Austrittszahlen, müde Pastor:innen und ein fehlender Kausalzusammenhang

Unser gegenwärtiger Kirchenvorstand hat zu Beginn seiner Amtsperiode vor fünf Jahren eine interessante Entscheidung getroffen: In jeder Sitzung sollen am Ende die Zahlen und Fakten des vergangenen Monats genannt werden: Taufen, Verstorbene, Beerdigungen, Eintritte, Austritte etc. Ich sag mal so: Einen deprimierenderen Ausklang des gemeinsamen Beisammenseins direkt vor dem abschließenden Vaterunser hätten wir uns vermutlich gar nicht ausdenken können. Die besseren Sitzungen waren noch die, in denen es dann hieß: „Folgende fünf Personen sind ausgetreten, ABER wir hatten auch zwei Eintritte!“ Inzwischen hängen wir die Zahlen meistens einfach nur noch ans Protokoll an – die allgemeine Nachrichtenlage in der Welt ist ja schon traurig genug. 

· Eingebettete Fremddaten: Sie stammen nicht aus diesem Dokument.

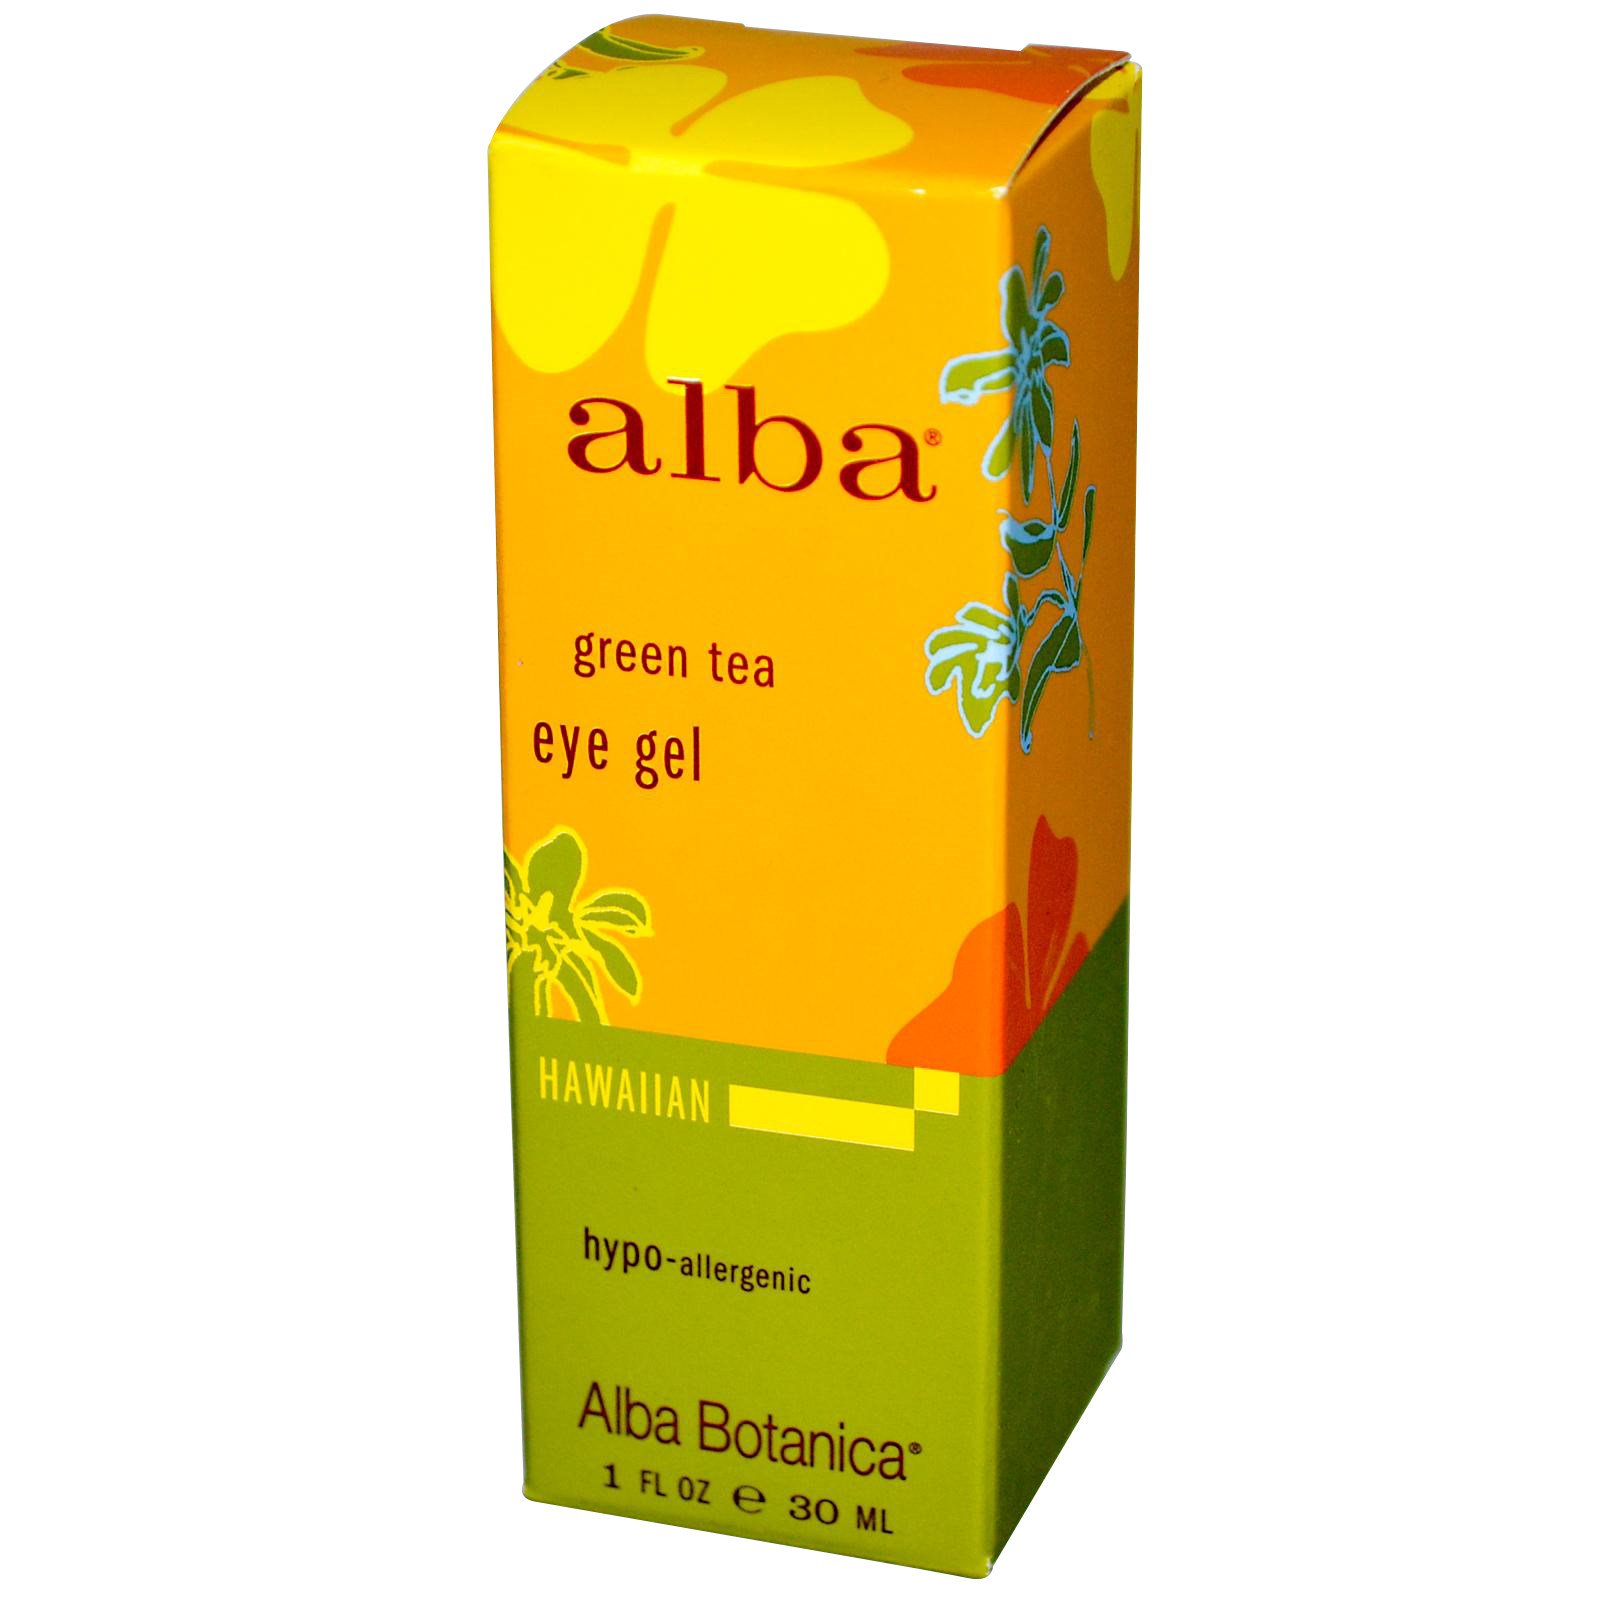 6 Pack - Alba Botanica Hawaiian Eye Gel, Revitalizing Green Tea 1 oz Alba Botanica, Good & Clean, Gentle Acne Wash, 6 oz (pack of 6)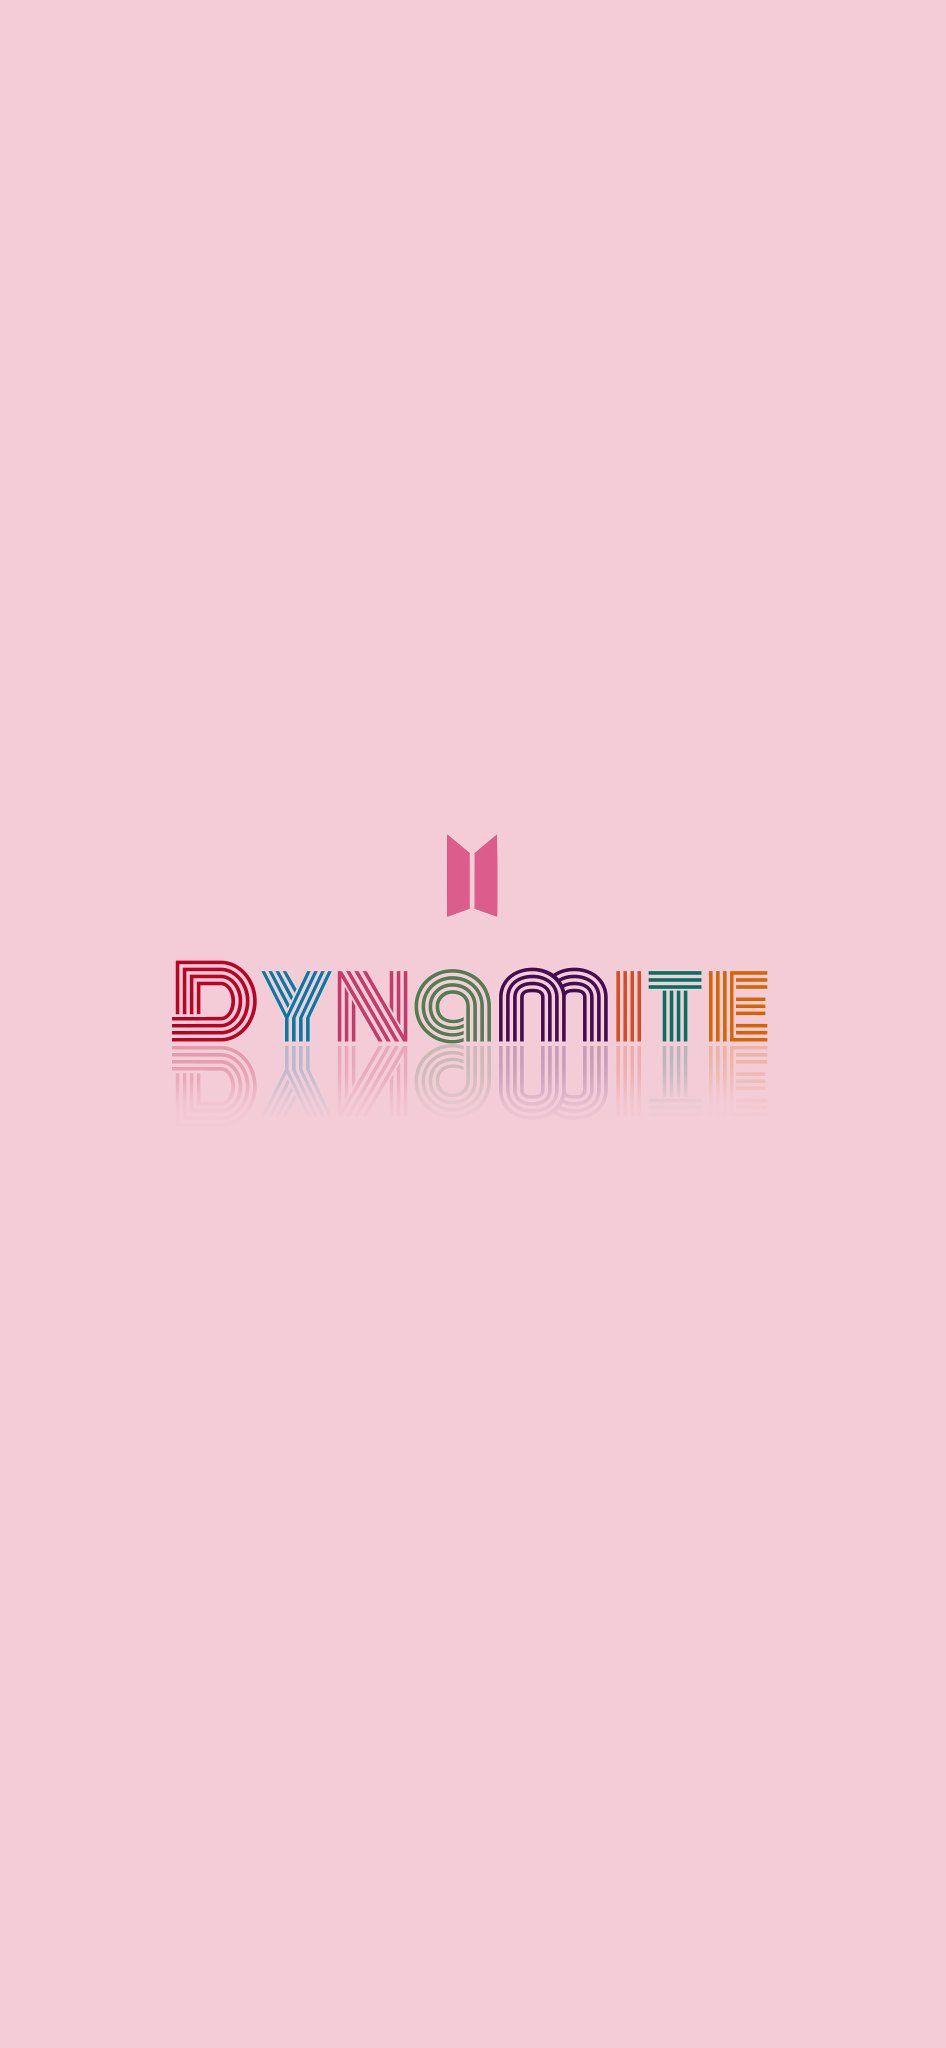 Bts Dynamite Wallpaper Lockscreen Edit Di 2020 Bts Wallpaper Ponsel Latar Belakang

Unsere Gemeinde spiegelt damit einen Trend, der deutschlandweit zu beobachten ist – und das nicht erst seit gestern. Die Kirchen verlieren massiv an Mitgliedern. 2022 gab es erneut neue Rekordzahlen mit ungefähr 900.000 Menschen, die den Kirchen den Rücken gekehrt haben. Das sind mehr Leute als in Frankfurt wohnen – sogar wenn man die beiden Städte an Main und Oder zusammenzählt! 

Schon wenn mich Leute vor 10 Jahren ängstlich auf Austrittszahlen aufmerksam gemacht haben, habe ich ihnen gesagt: „Mein subjektives Gefühl ist: Das ist erst der Anfang und es wird sich noch wahnsinnig beschleunigen.“ Das war wahrscheinlich auch gar keine besonders nennenswerte prophetische Leistung und meine Antwort ist auch heute immer noch immer dieselbe. Da sind so ganz subjektive Eindrücke wie die Familie, die mir erzählt: „Wir sind eigentlich nur noch in der Kirche, weil es sonst Oma traurig machen würde, wenn wir austreten. Aber wenn Oma nicht mehr ist …“ Auch die Tatsache, dass Kirchenmitglieder seit letztem Jahr nicht mehr die Bevölkerungsmehrheit in Deutschland stellen, sondern jetzt auch ganz offiziell die Minderheit sind, hat nicht nur einen psychologischen Effekt: Es ist einfach keine Schande (im Sinne von gesellschaftlicher Ächtung) mehr, aus der Kirche auszutreten, sondern ziemlich normal. Exot ist, wer noch bleibt.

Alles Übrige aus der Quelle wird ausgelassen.